British Columbia

Hunt for long-lost father driven by 'primal' urge, says Ontario daughter

Gina McCormack is looking for her father. He walked away from her family decades ago, but her plea for help on social media has garnered almost 9,000 responses, and a few leads suggesting he re-settled in B.C.

'There is a piece of you missing,' says Gina McCormack of Owen Sound, Ont.

Thomas Smith Hammond was born in October 1934 in Scotland. In this undated photo, he stands in High Park in Toronto, Ontario. (Gina Hammond Mccormack/Facebook)

Ontario resident Gina McCormack, 57, was raised by a step-father she loves, but the mystery of her biological father still nags at her. 

It's been more than five decades since he walked out of her life, but McCormack still wants to find him. And thanks to social media, she may now have a chance to. 

McCormack has put out a plea for information. It's garnered almost 9,000 responses, among them a few solid leads suggesting her father resettled in B.C. after walking out on her family.

A Halloween 'trick'

Gina Hammond McCormack spent decades looking for her biological father. Search Squad members found him in a few hours. (Gina McCormack/Facebook)

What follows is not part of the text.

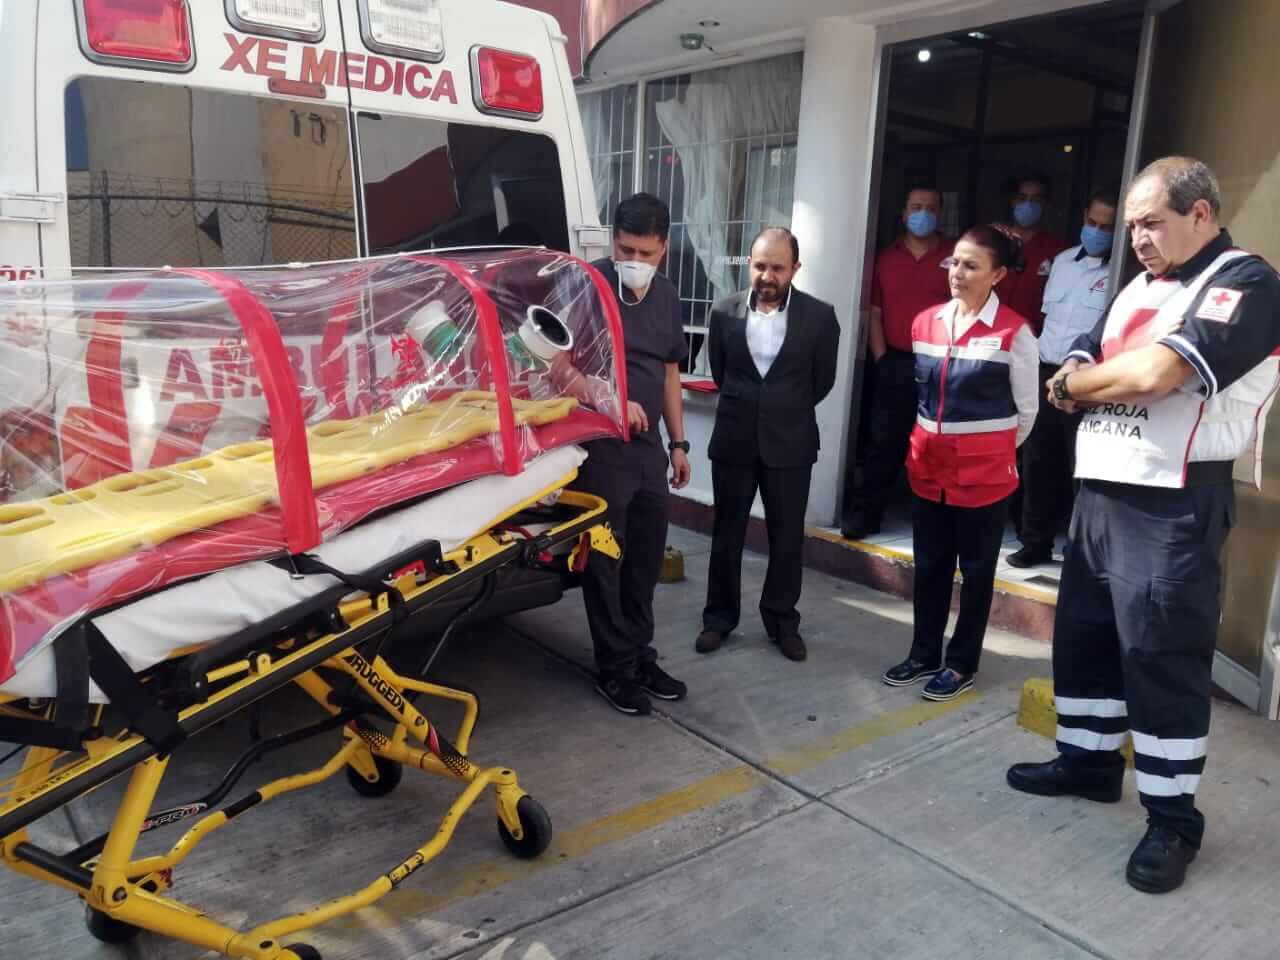 Dona XE Médica a Cruz Roja Mexicana cápsula de aislamiento para traslado de pacientes de COVID-19

McCormack says it was Oct. 31, 1961. Her mother was pregnant with her fourth child, a boy. They came home to find her father had disappeared. 

"She took us out for Halloween Oct. 31, 1961 and when she came home it was her 'trick' — he was gone," said McCormack.

"He just left," she said.

She's been looking for him on and off since then, but she doesn't have much to go on.  

Who was he?

McCormack knows her father, Thomas Smith Hammond, was a police officer in Scotland, and worked for CP Rail once in Canada. She knows he played the bagpipes, and had a mean temper.

About 23 years ago, McCormack said she got a call from a man claiming to be him who seemed to know details of his life. 

That man told her that he'd moved to England, after remarrying and having a child named Gordon in B.C. with his new Hungarian wife.

He never gave her a phone number, and once they hung up the trail went cold again.

But she hasn't given up. 

"There is a piece of you missing," she said. 

"It doesn't matter who the person is. Good or bad they are your mom or your dad and you walk around your whole life being only half a person."

Social media, science and family mysteries

McCormack is one of a growing number of people around the world who are looking to solve family mysteries by sleuthing on social media and through DNA registry sites.

The recent story of an Ontario woman who found two siblings in Prince Rupert is a recent, widely publicized example. Janet Keall and her new-found siblings, who were all abandoned at birth, eventually found their biologicial mother, but say she had died a few months prior. 

McCormack doesn't yet know where her search could end. Hundreds of people replied to her recent plea on social media — most wishing her well, or asking if she'd found her father.

But a few claimed to recall this man and his two sons living in the Fraser Valley, some suggested he was once part-owner of a Vancouver pub.

She has also been told he might have died. But she remains undeterred, saying she would like to connect with any half siblings she may have. 

"I don't know if it's primal but there's something that drives you to do it," she said.